Once you have your design, you need to consider what indexes are necessary. The basic trade-off with indexes is that more distinct indexes make retrieval by specific criteria faster, but updating and storage slower. One optimization is to avoid creating several indexes on the same column. For example, if you sometimes retrieve employees based on name, department, badge number, or department name, you should define one index for each of these columns. If a query includes more than one column value to retrieve, InterBase will use more than one index to qualify records. In contrast, defining indexes for every permutation of those three columns will actually slow both retrieval and update operations.

When you are testing your design to find the optimum combination of indexes, remember that the size of the tables affects the retrieval performance significantly.

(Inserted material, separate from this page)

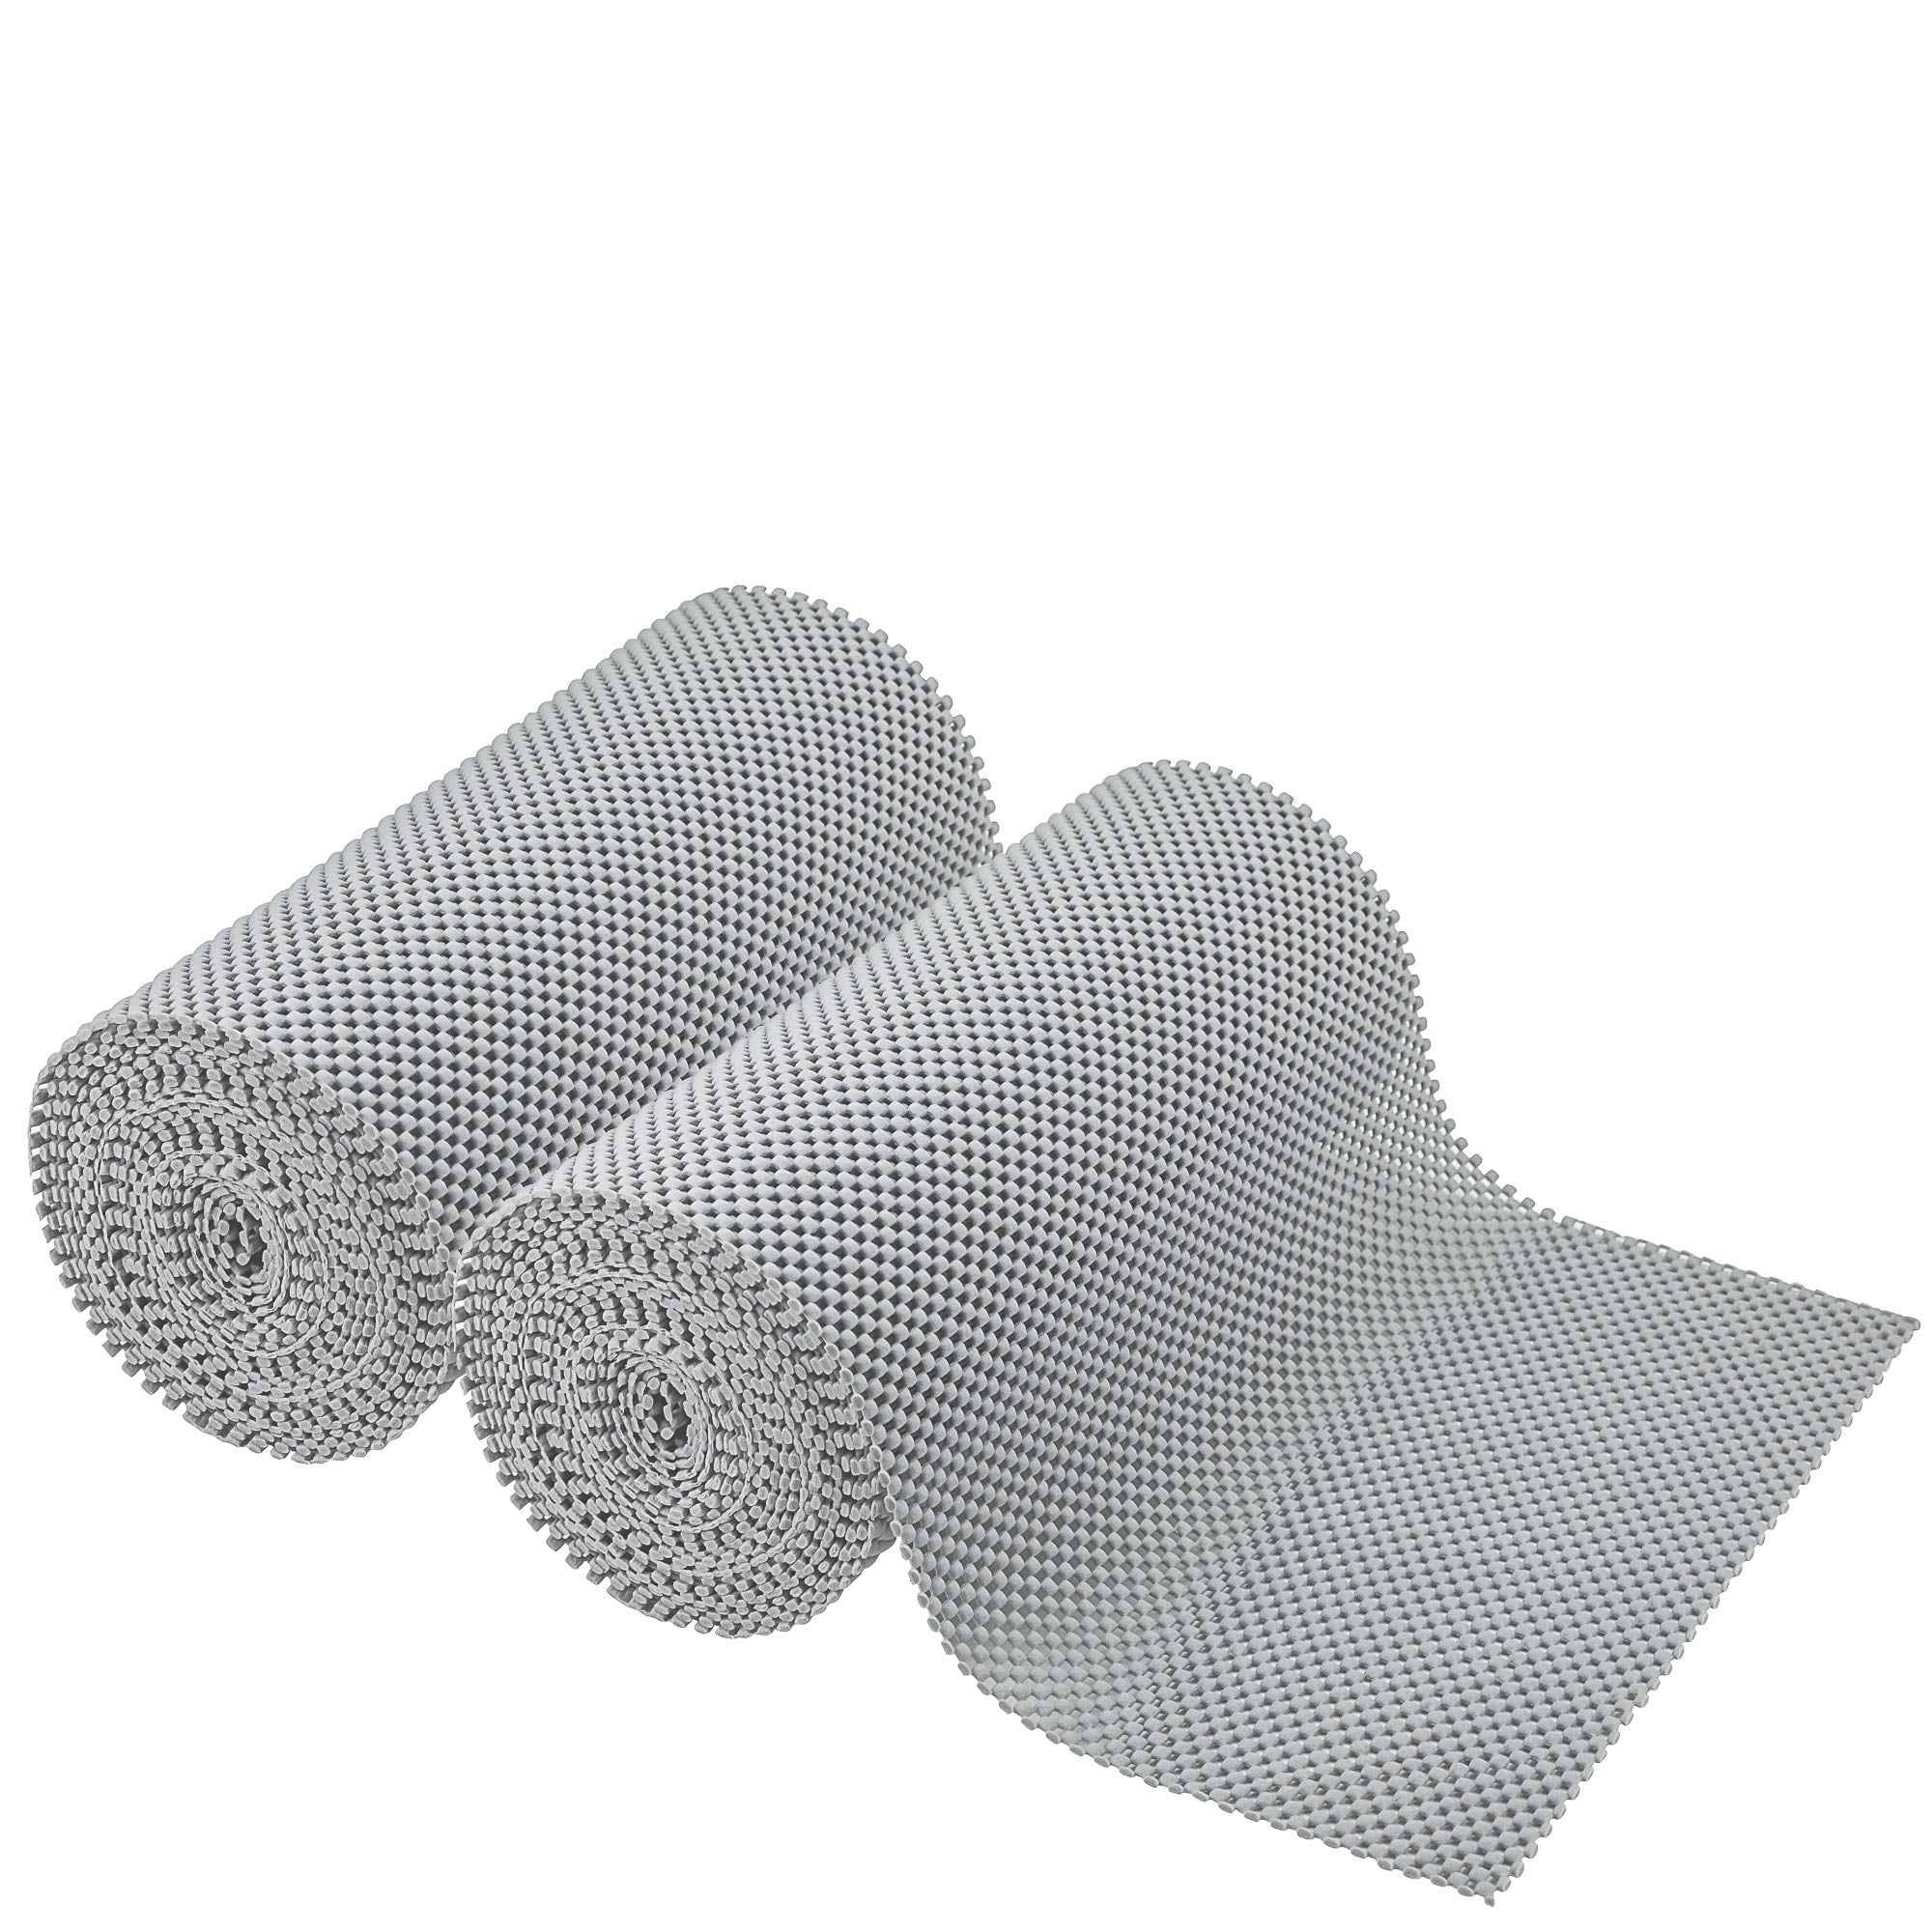 SteadMax Shelf Liner, 12 in x 40 FT Total, Non-Adhesive, Non-Slip Grip Drawer  Liner, Gray (2 Rolls)

If you expect to have tables with 10,000 to 100,000 records each, do not run tests with only 10 to 100 records.

Another factor that affects index and data retrieval times is page size. By increasing the page size, you can store more records on each page, thus reducing the number of pages used by indexes. If any of your indexes are more than 4 levels deep, you should consider increasing the page size. If indexes on volatile data (data that is regularly deleted and restored, or data that has index key values that change frequently) are less than 3 levels deep, you should consider reducing your page size. In general, you should use a page size larger than your largest record, although InterBase data compression will generally shrink records that contain lots of string data, or lots of numeric values that are 0 or NULL. If your records have those characteristics, you can probably store records on pages which are 20% smaller than the full record size. On the other hand, if your records are not compressible, you should add 5% to the actual record size when comparing it to the page size.

Incorporate Design Specifics

Increasing cache size
When InterBase reads a page from the database onto disk, it stores that page in its cache, which is a set of buffers that are reserved for holding database pages. Ordinarily, the default cache size of 255 buffers is adequate (though this default may be different on different platforms). If your application includes joins of 5 or more tables, InterBase automatically increases the size of the cache. If your application is well localized, that is, it uses the same small part of the database repeatedly, you may want to consider increasing the cache size so that you never have to release one page from cache to make room for another.

Creating a multi-file, distributed database
If you feel that your application performance is limited by disk bandwidth, you might consider creating a multi-file database and distributing it across several disks. Multi-file databases were designed to avoid limiting databases to the size of a disk on systems that do not support multi-disk files.